(INFORMATION SHOWN)
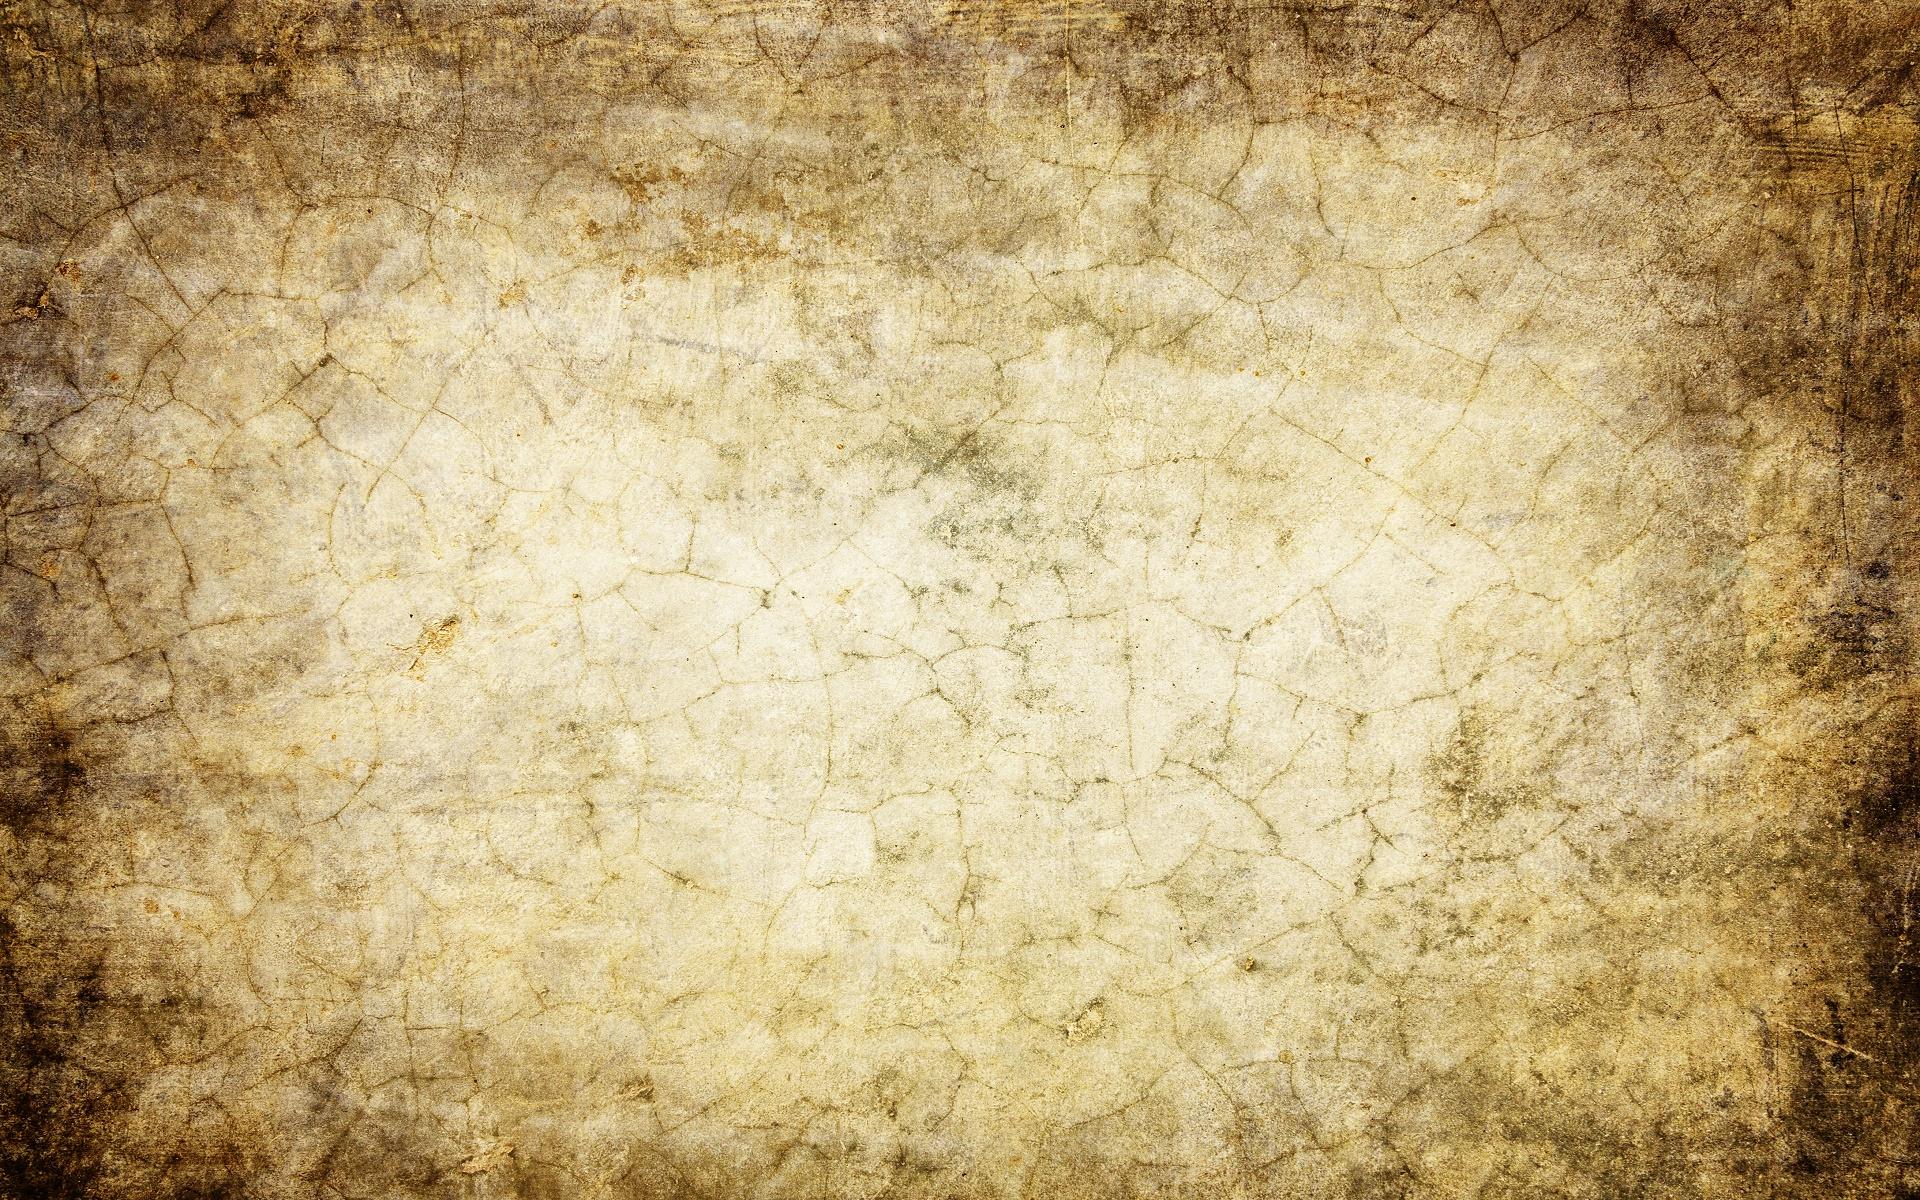 Vintage Cars Hd Wallpapers Free Download Yellow Grunge Wallpaper Hd Pixelstalk Net
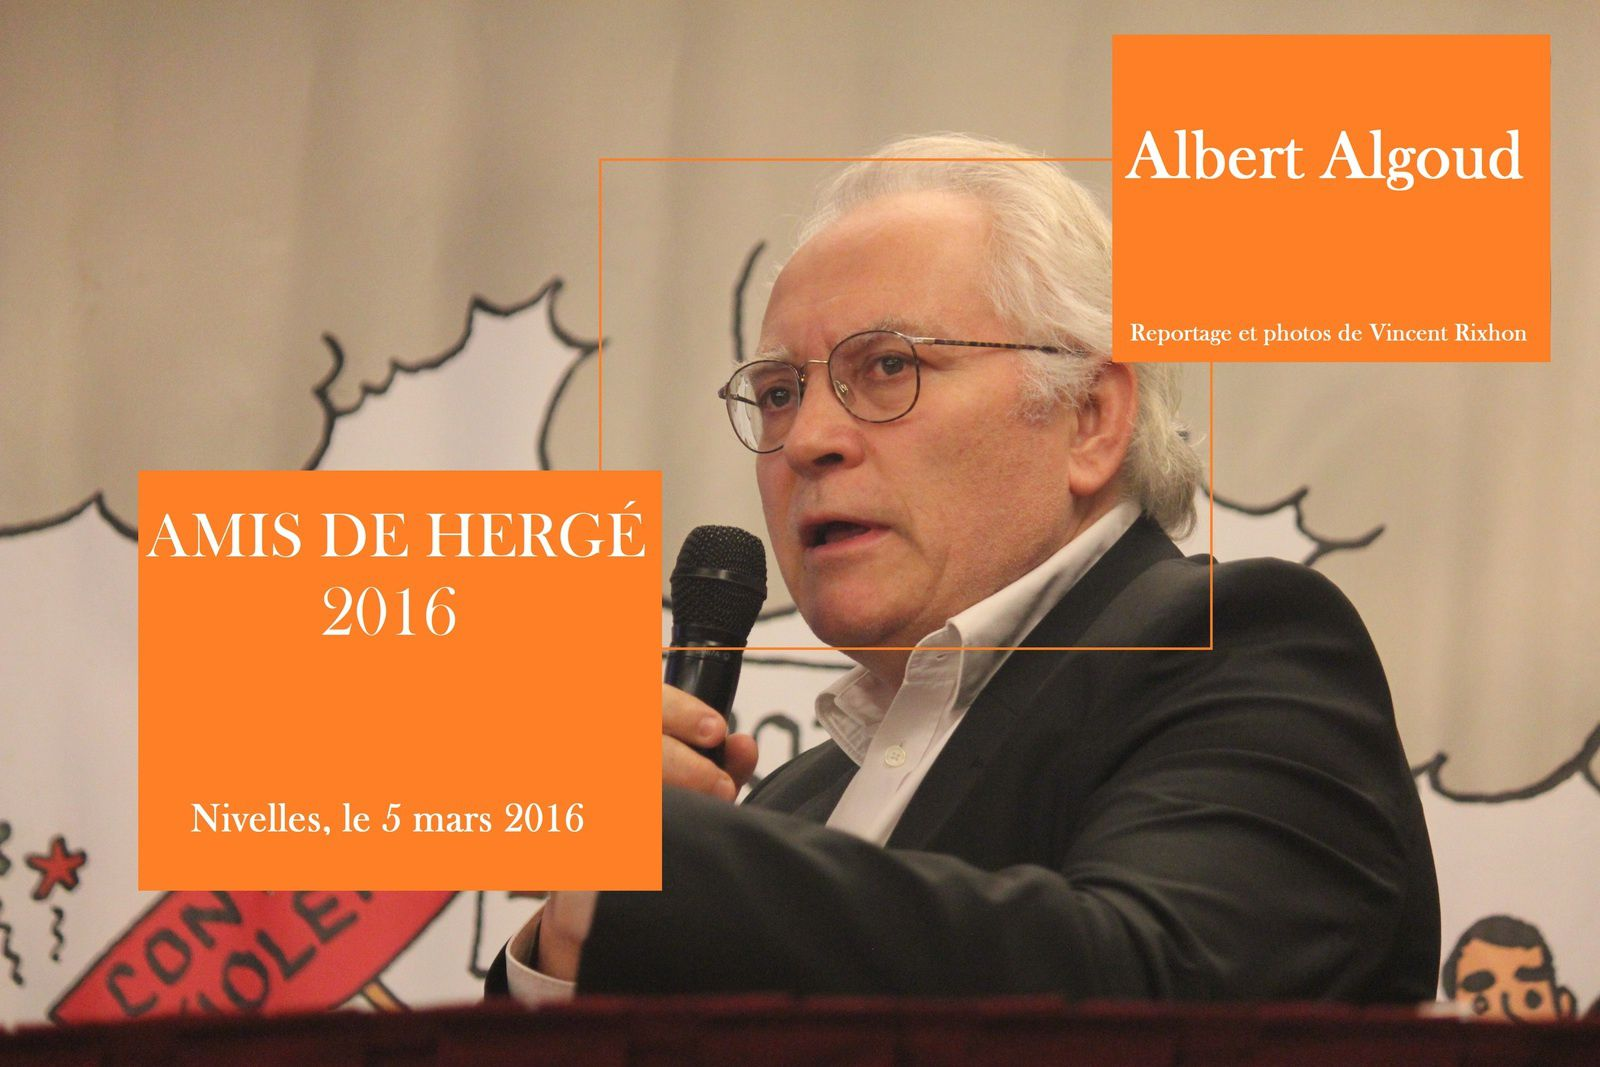 Albert Algoud aux AMIS DE HERGE 2016
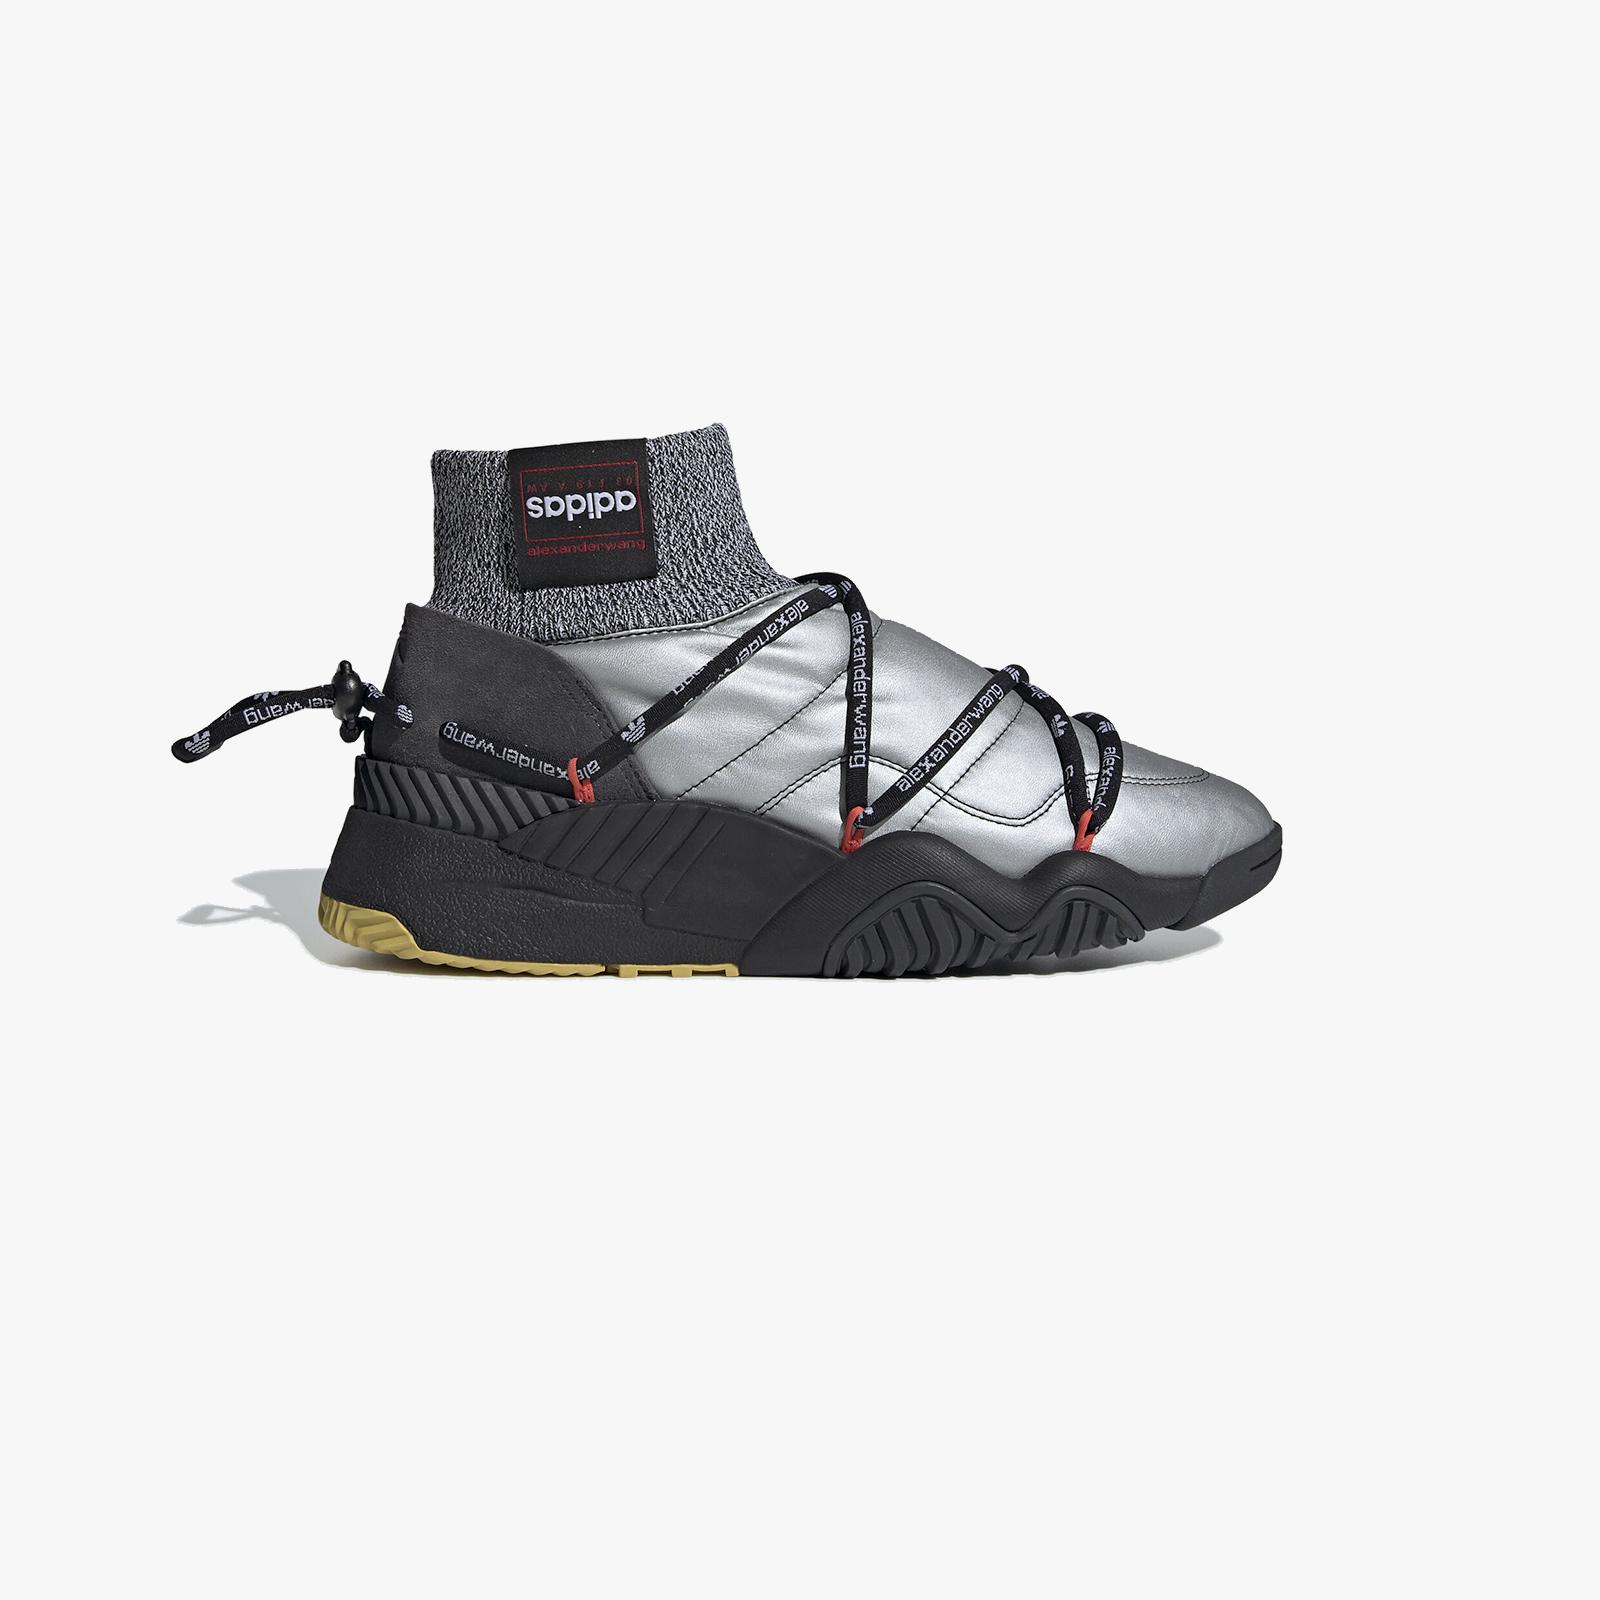 adidas AW Puff Trainer - Fv2960

(EXERCISE DIRECTIONS) Leave out all pictures, then copy the remaining material exactly.

(COMPLETED EXERCISE)
 Vintage Cars Hd Wallpapers Free Download Yellow Grunge Wallpaper Hd Pixelstalk Net
 Albert Algoud aux AMIS DE HERGE 2016
 adidas AW Puff Trainer - Fv2960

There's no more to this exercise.